According to CMS guidelines, minor complications handled in the office during a follow-up visit are generally considered part of the global surgical package and are not separately billable. For example, aspirating a simple seroma or managing a minor wound dehiscence during a scheduled post-op check for a knee replacement (CPT 27447) would be bundled. However, if the service requires significant additional resources beyond a typical E/M service, some payers may allow billing for supplies (e.g., a splint with HCPCS code) or a separate procedure if documentation proves it was distinct and substantial.
Can we bill for a new patient visit if they are in another provider's global period?
Yes.

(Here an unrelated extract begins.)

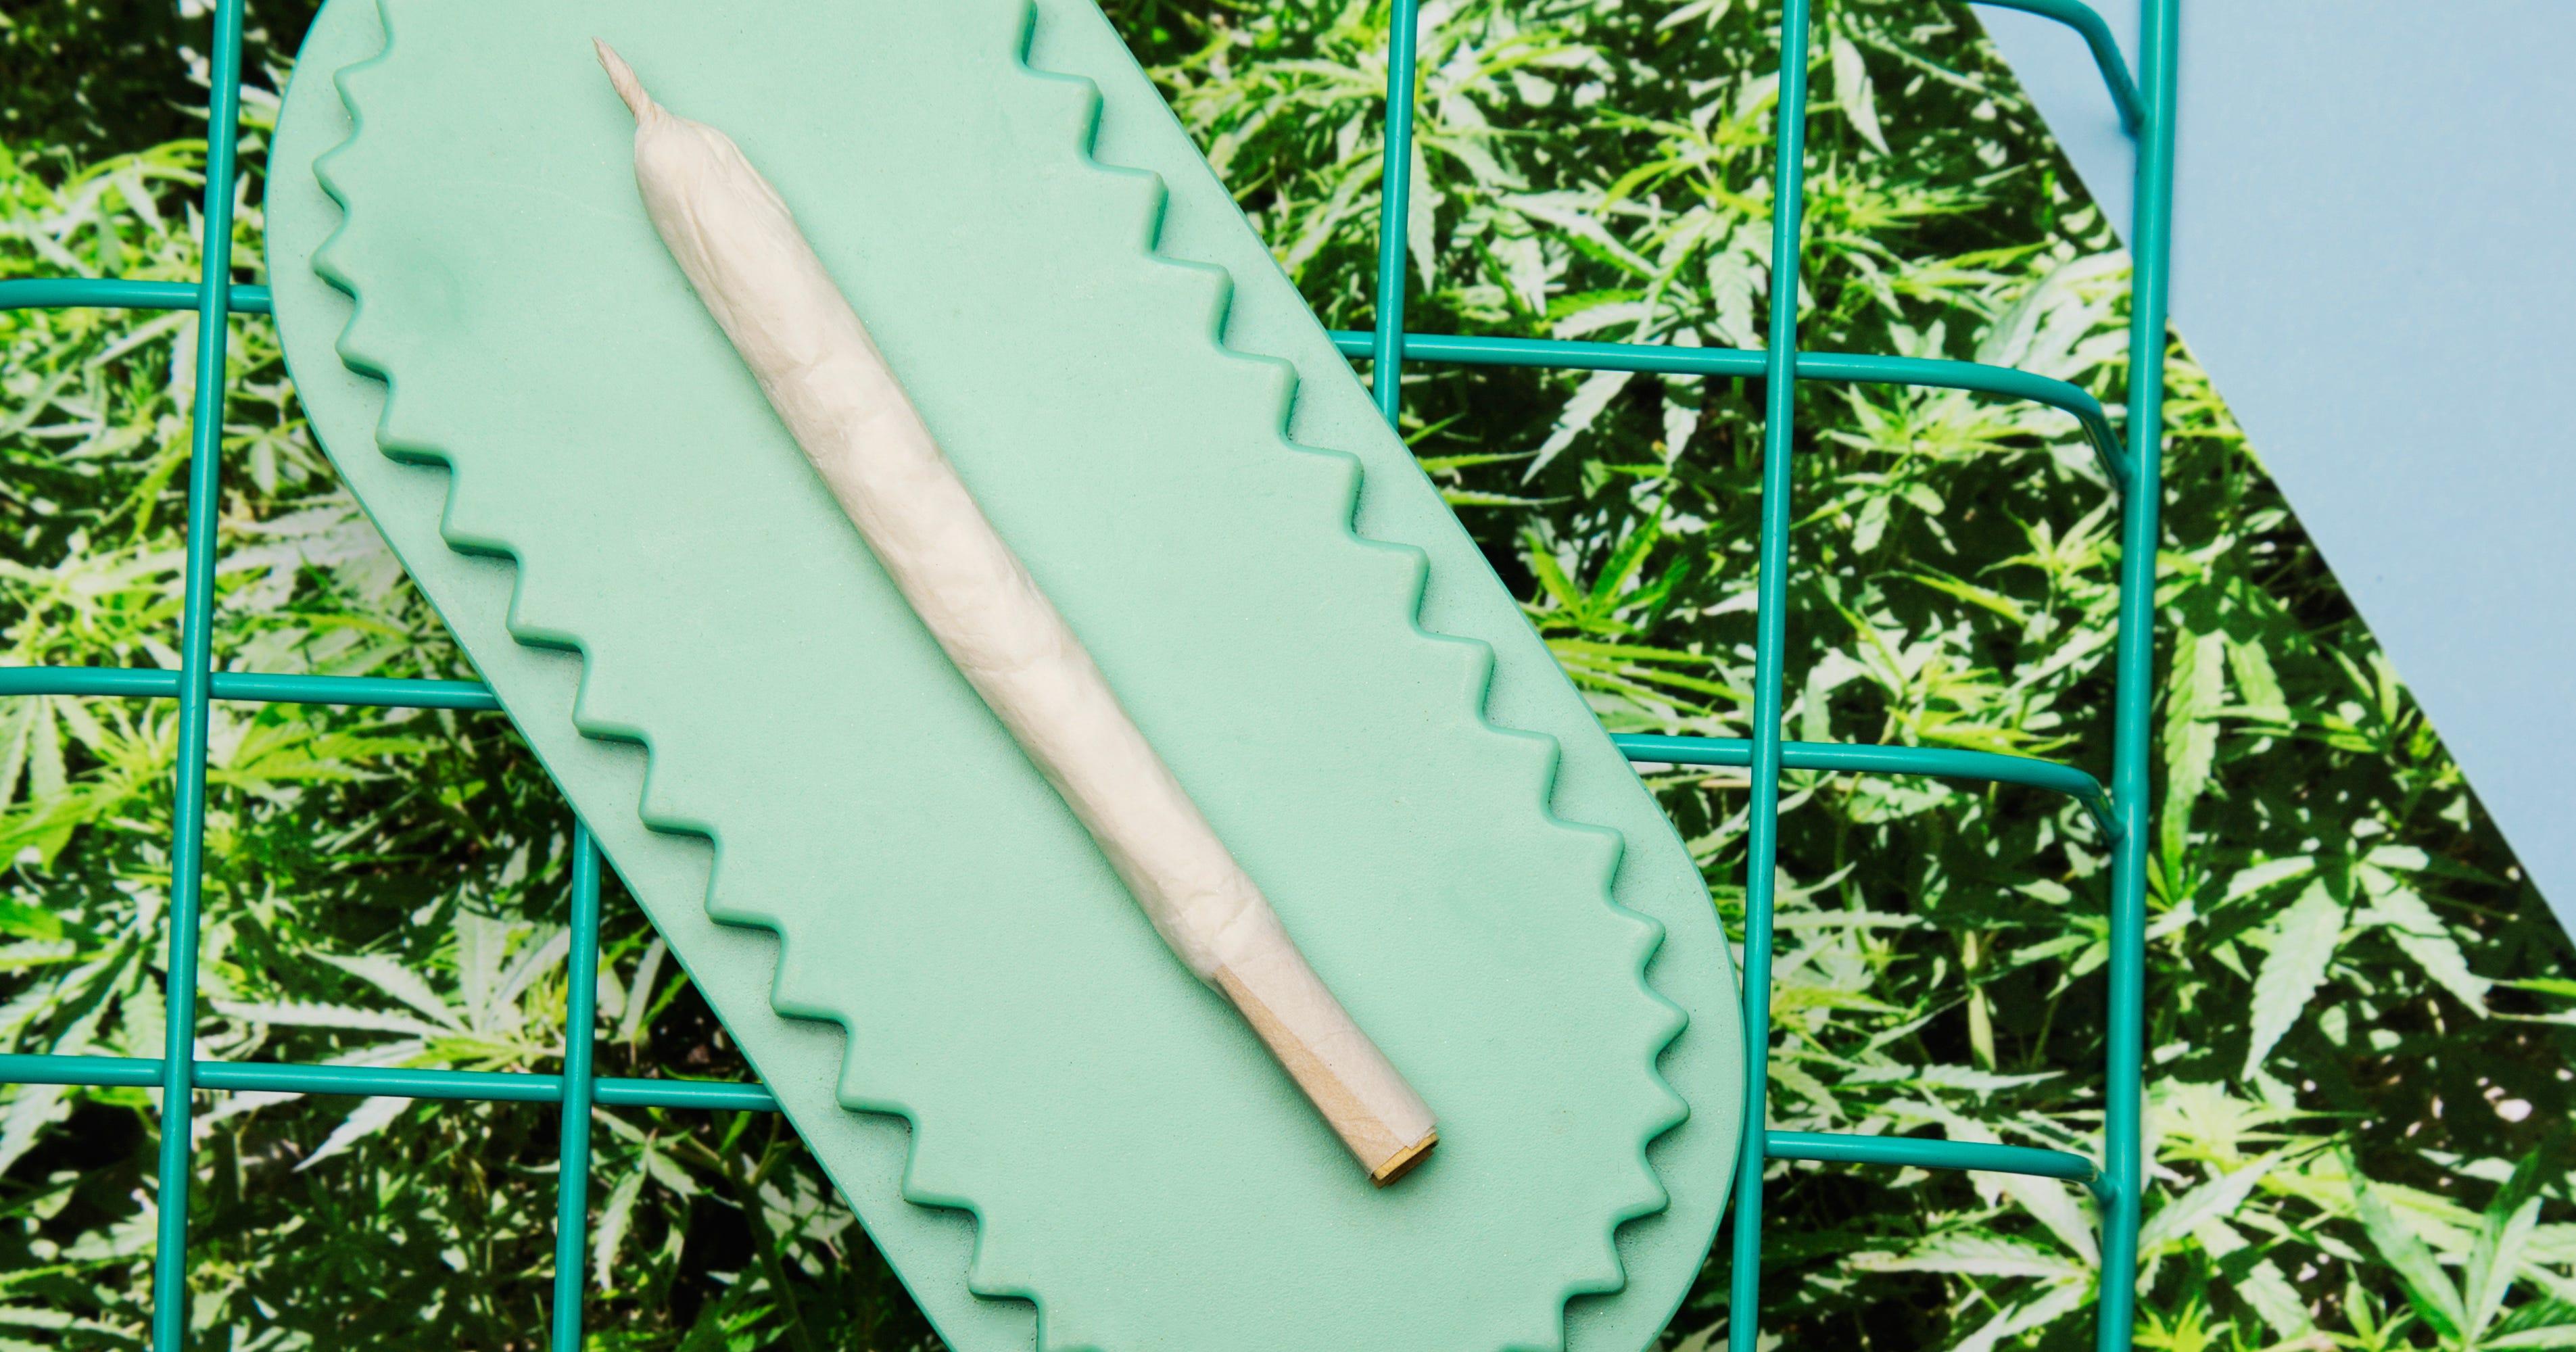 Weed Strains - Marijuana For Pain, Depression, Insomnia

The global period is tied to the original surgeon and their practice (physicians billing under the same Tax ID). If a patient who had surgery with an unaffiliated provider comes to your office for a second opinion or a new, unrelated problem, their global period with the other surgeon does not apply to you. Your E/M service is fully billable as a new patient or consultation visit, provided your documentation clearly establishes the circumstances of the encounter.
Does using Modifier 58 reset the global period?
Yes, using Modifier 58 on a claim for a staged or more extensive procedure performed during the post-operative period of an initial surgery starts a new global period for the second procedure. For example, if a patient undergoes a planned second-stage ACL reconstruction (CPT 27427) within 90 days of the first stage, billing the second CPT code with Modifier 58 initiates a new 90-day global period for that reconstruction, ensuring reimbursement for the full scope of follow-up care.